Gemini 3.1 Flash TTS Preview
Google · Gemini 3.1
Google's expressive Gemini 3.1 Flash TTS preview, an API-first text-to-speech model spanning 70+ languages.
Overview
Freshness note: Model capabilities, limits, and pricing can change quickly. This profile is a point-in-time snapshot last verified on May 1, 2026.
Gemini 3.1 Flash TTS Preview is Google’s April 15, 2026 text-to-speech model in the Gemini Flash line. It takes text input and returns audio output, with the language coverage extended to roughly 70+ languages — close to a 3x jump over the previous Gemini 2.5 Flash TTS generation. Google describes it as a substantial generational step on naturalness, expressiveness, and steerability through audio tags, and it is exposed across the Gemini API, AI Studio, Vertex AI, and Google Vids for Workspace.
The “Preview” tag means pricing and behavior may shift before GA. For production systems that depend on stable voices and pricing, plan for a re-baseline when the model leaves preview.
Capabilities
Google’s launch materials highlight a specific capability profile:
- Text-to-speech generation across 70+ languages, nearly tripling the previous coverage.
- Expressive control through audio tags that influence tone, pace, and delivery style.
- Steerability that supports voice continuity across longer narrations.
- API-first design with the same Gemini ergonomics used elsewhere in the family.
Token semantics are different from chat models: input tokens correspond to text, while output tokens are audio tokens billed at the audio-output rate.
Technical Details
Public anchors at this snapshot:
- Model ID:
gemini-3.1-flash-tts-preview - Input: text
- Output: audio (audio tokens, not generated text)
- Coverage: 70+ languages
- Available through the Gemini API, Google AI Studio, Vertex AI, and Google Vids
Because this is an audio-output model, maxOutput is set to 0 to reflect that token-style output ceilings do not apply directly. Audio output is billed and limited differently per Google’s TTS documentation.
Pricing & Access
Listed Google pricing for Gemini 3.1 Flash TTS Preview:
- Input (text): $1.00 per 1M tokens
- Output (audio): $20.00 per 1M audio tokens
- Batch mode input: $0.50 per 1M tokens
- Batch mode output: $10.00 per 1M audio tokens
A free tier is available, though Google notes that data from free-tier usage may be used for product improvement.
Access options:
- Gemini API for developers
- Google AI Studio for free experimentation
- Vertex AI for enterprise users
- Google Vids for Workspace subscribers
Best Use Cases
Choose Gemini 3.1 Flash TTS Preview for:
- Multilingual voice generation across long-tail languages where competing TTS models still lag.

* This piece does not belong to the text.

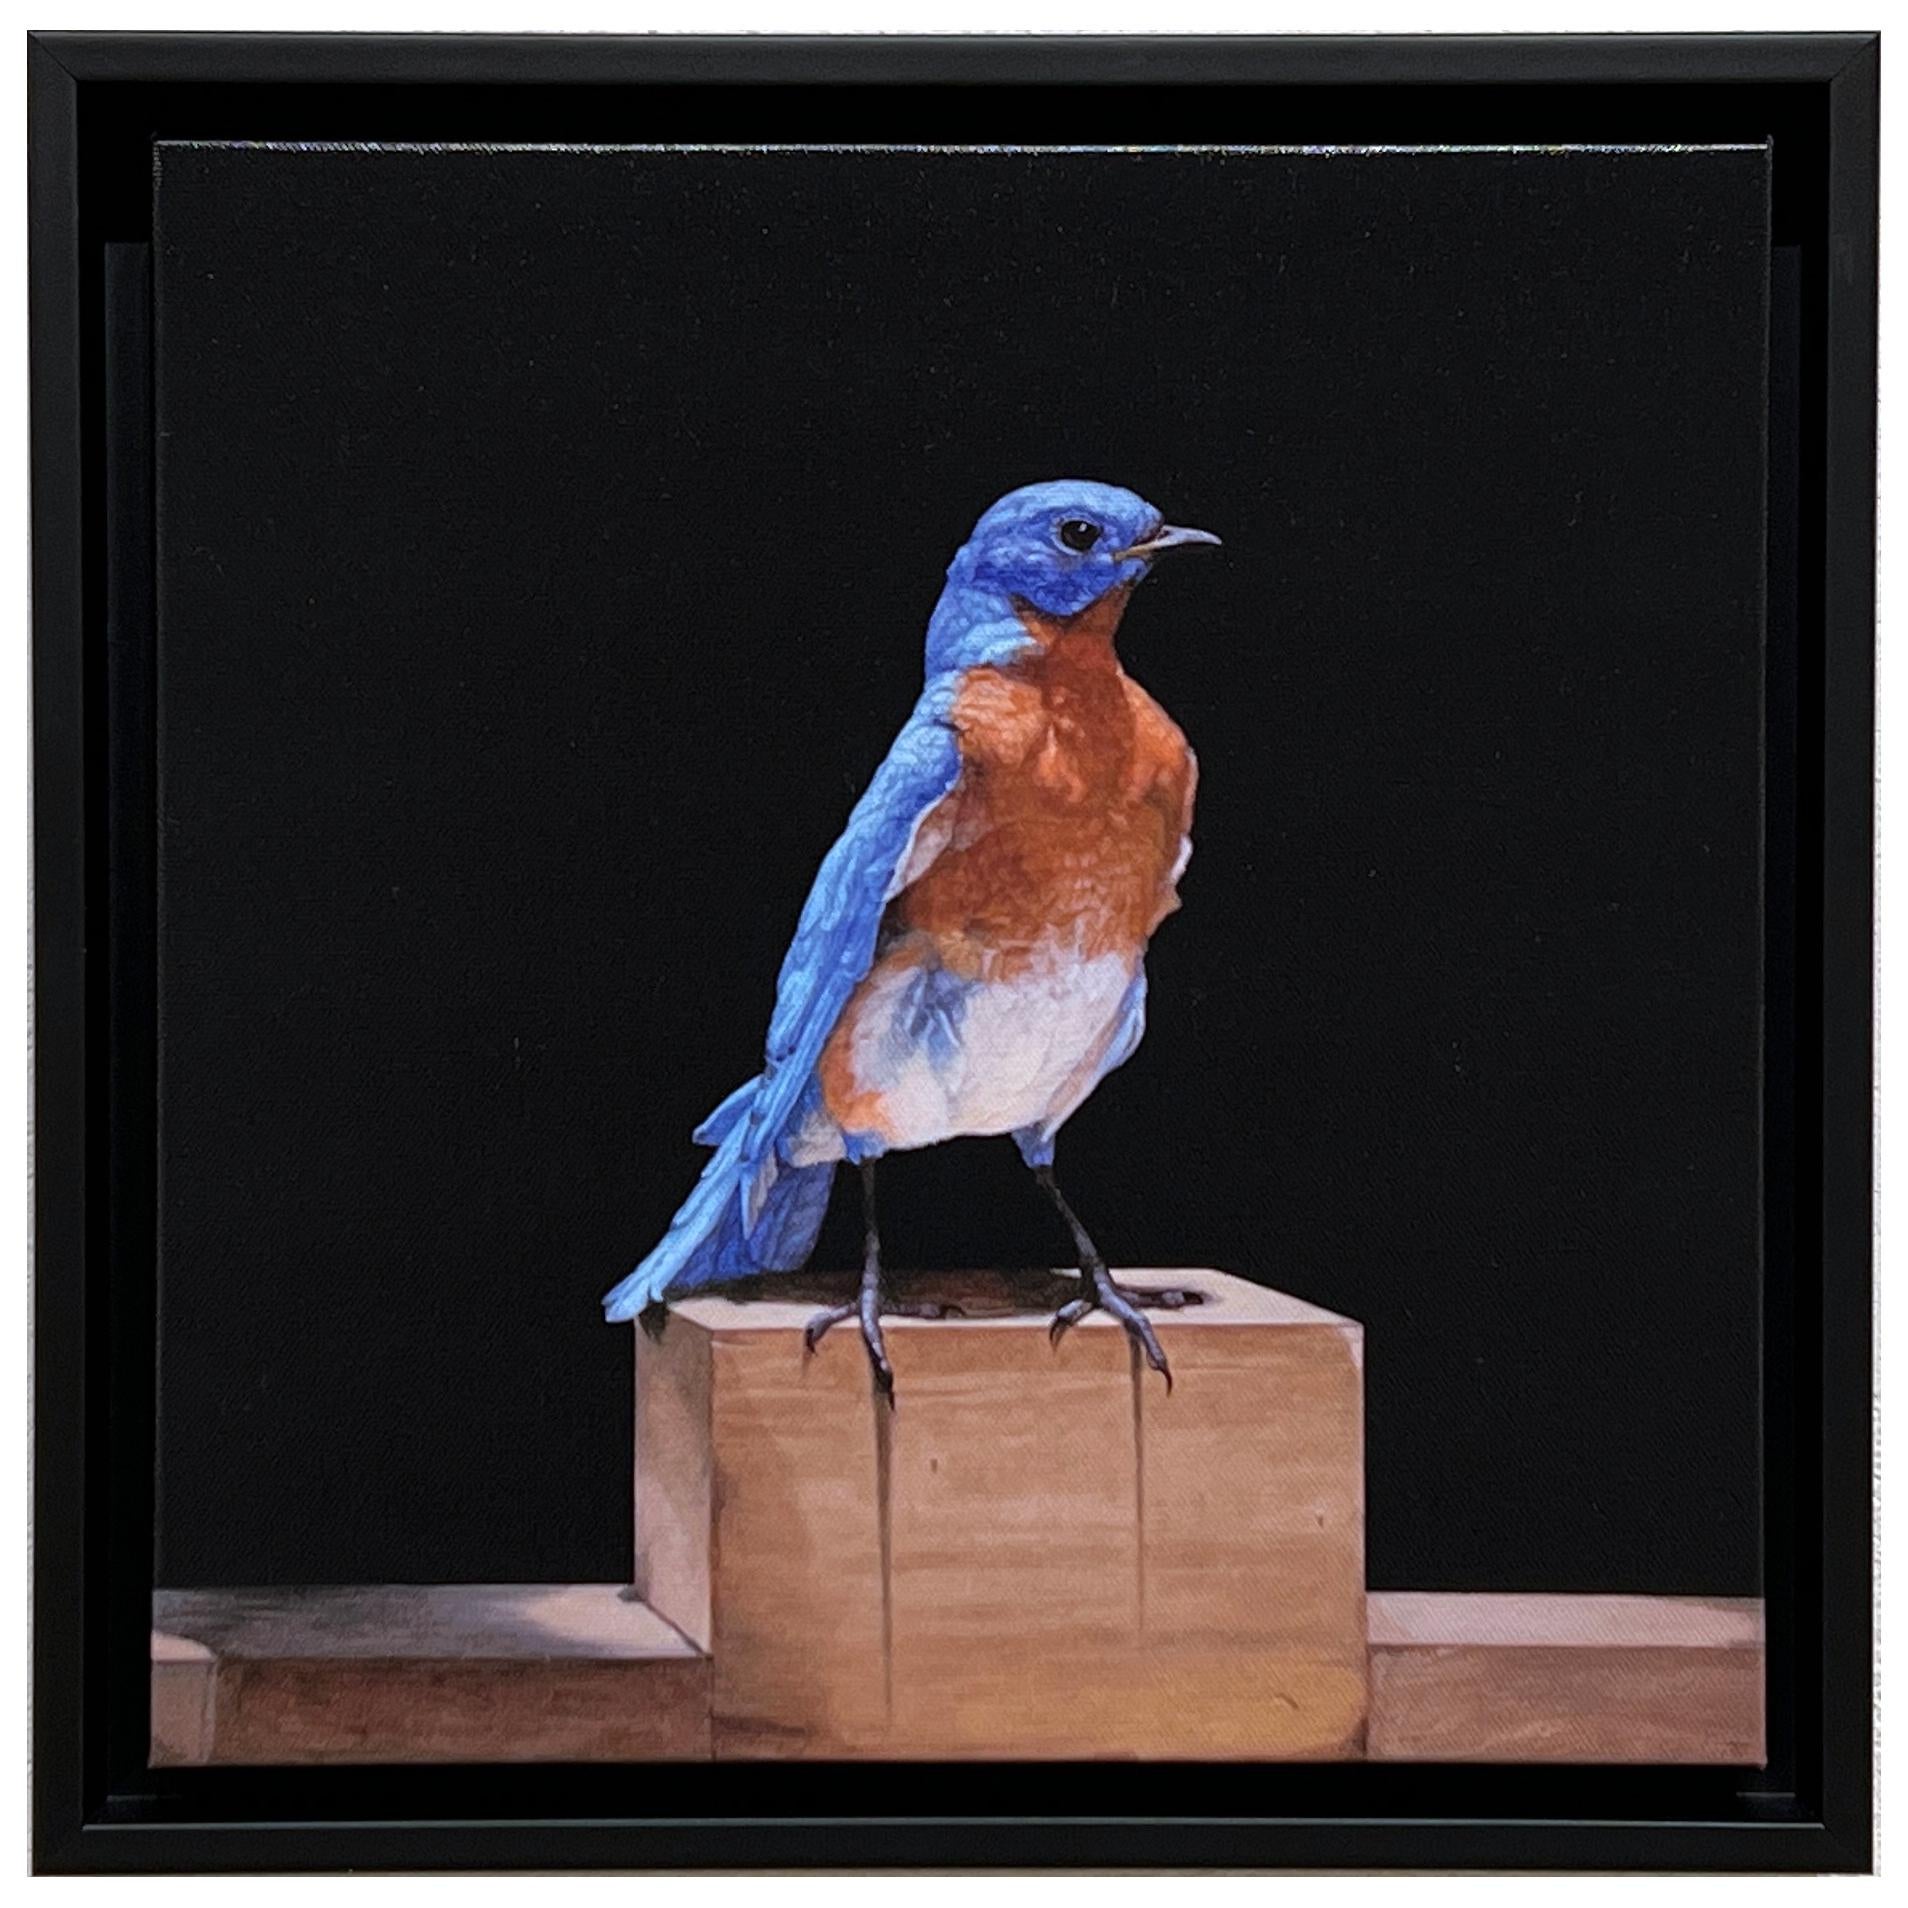 Patricia Traub Animal Print - EASTERN BLUE BIRD - Contemporary / photorealism / animal print

- Narration and content production that benefits from audio-tag-driven expressiveness.
- Workspace and Vids workflows that already live inside Google’s ecosystem.
- Prototyping voice features through the free Google AI Studio tier before locking in providers.
For premium voice quality with the most mature ecosystem of voice presets and cloning options, ElevenLabs remains the more conventional default. For OpenAI-native pipelines, OpenAI’s TTS models stay the easier integration.
Comparisons
- Gemini 2.5 Flash TTS (Google): Direct predecessor; 3.1 Flash TTS extends language coverage and expressive control.
- ElevenLabs voice models: More mature voice-cloning and preset ecosystem; Gemini 3.1 Flash TTS leans on Google integration and multilingual breadth.
- OpenAI TTS models: Comparable API-first TTS with simpler pricing; Gemini 3.1 Flash TTS differentiates on language coverage and steerability.